(GIVEN MATERIAL):
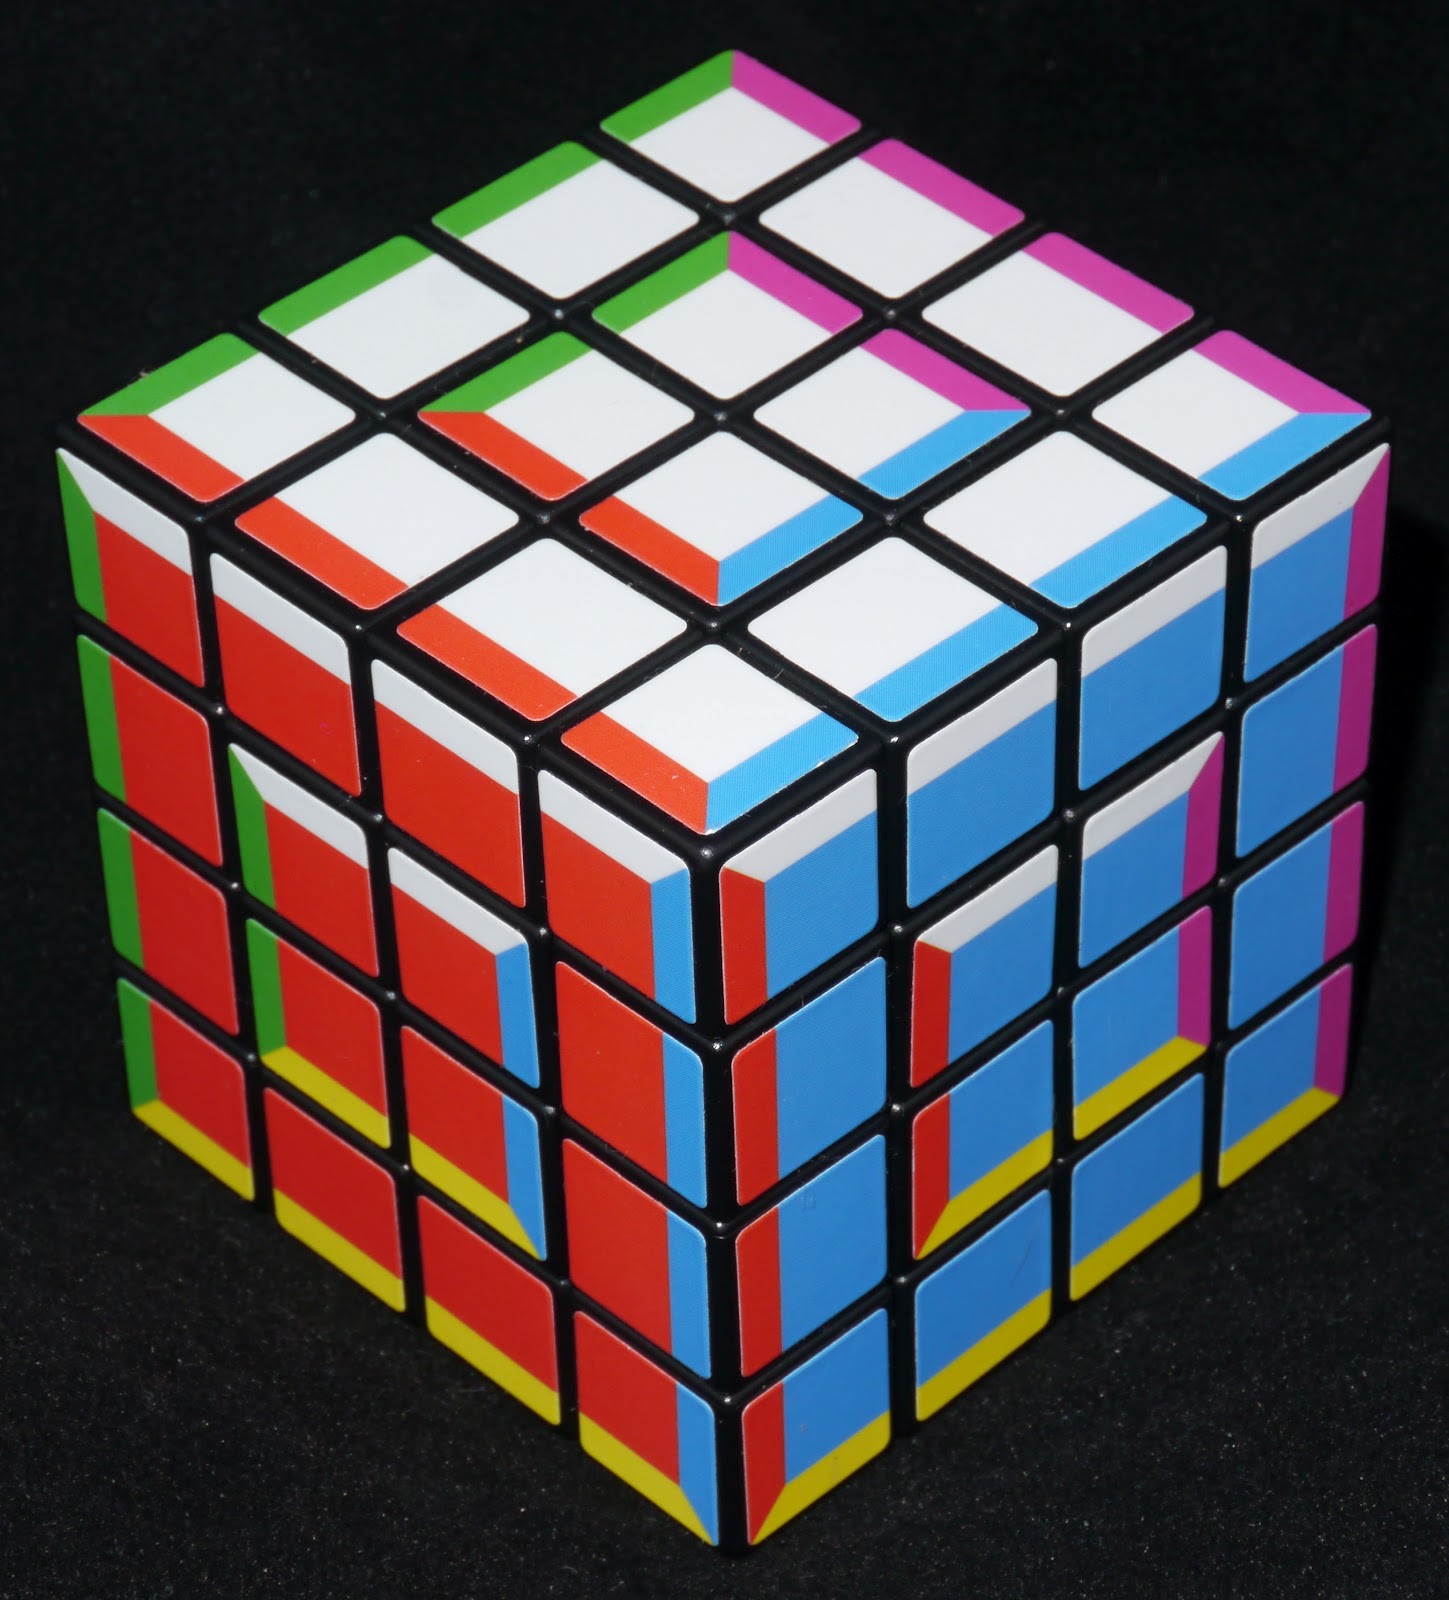 Unsolvable Rubik's Cube - Invalid scramble
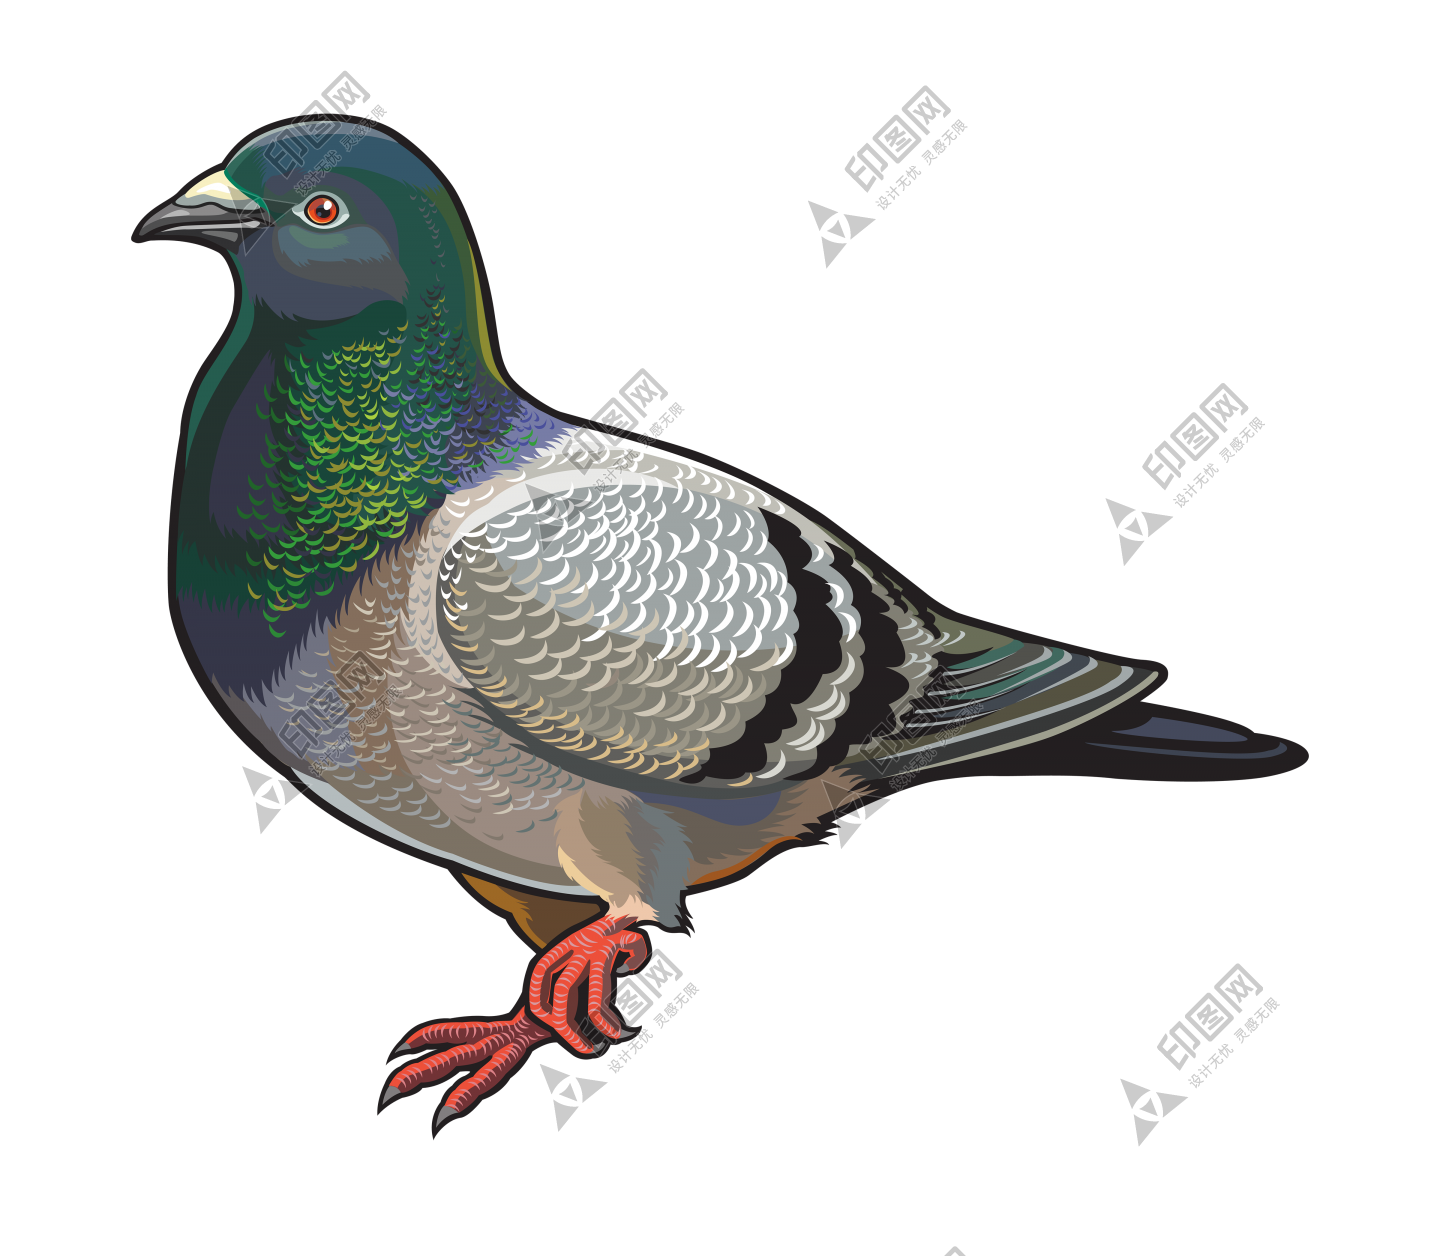 鸟_鸽子_鹁鸽_pigeon_pigeon
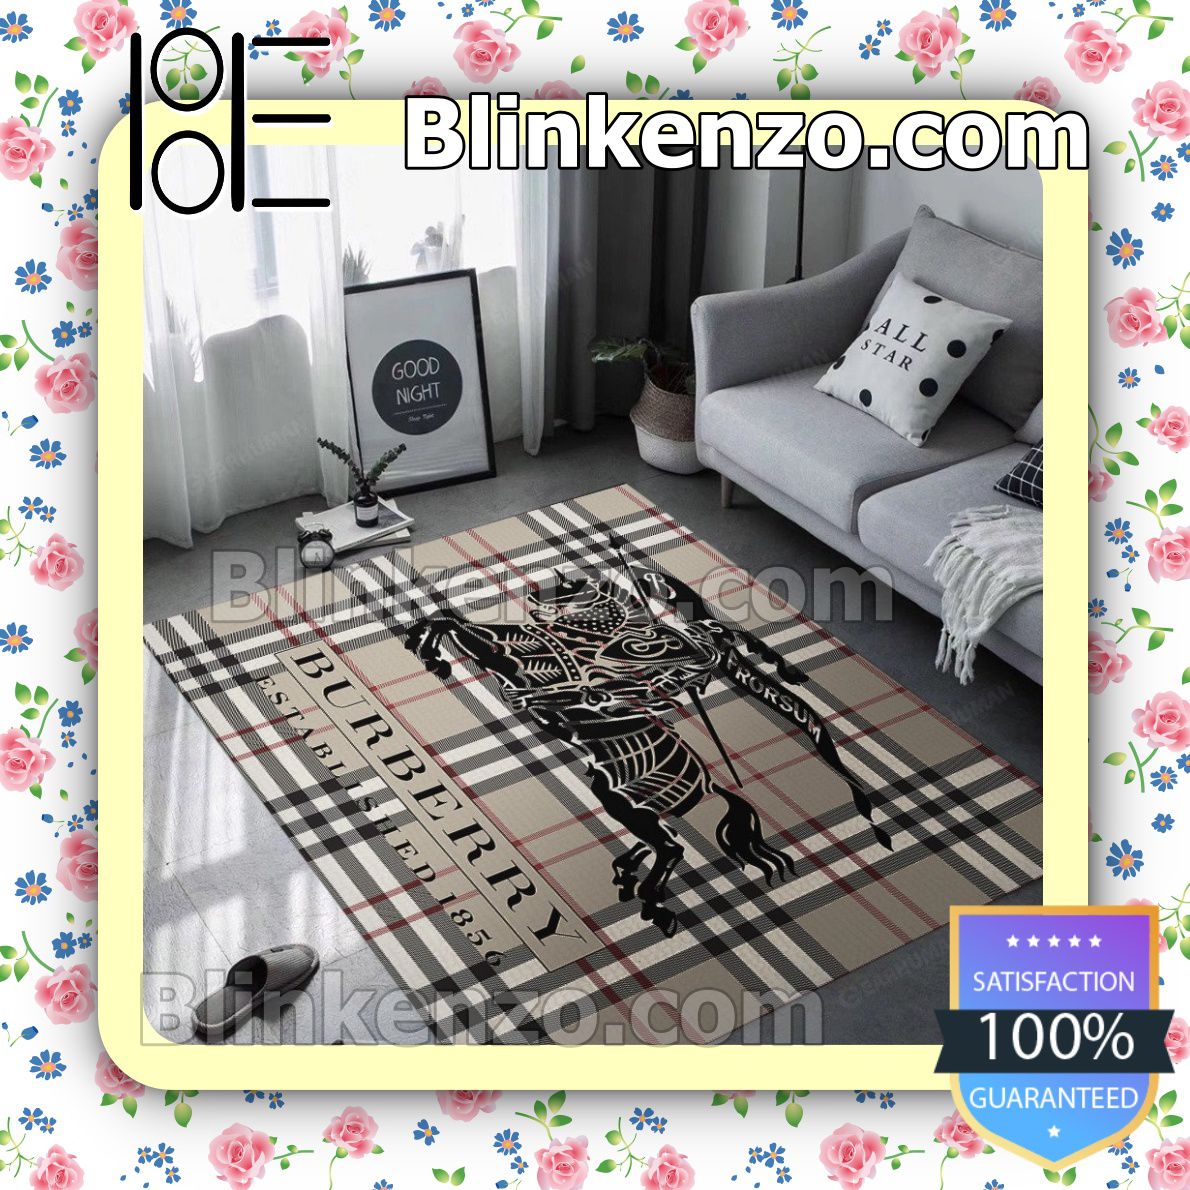 Burberry Established 1856 Plaid Luxury Carpet Runners

(WORK REQUIRED): An exact transcript of the listing is needed, free of pictures.

(YOUR SOLUTION):
 Unsolvable Rubik's Cube - Invalid scramble
 鸟_鸽子_鹁鸽_pigeon_pigeon
 Burberry Established 1856 Plaid Luxury Carpet Runners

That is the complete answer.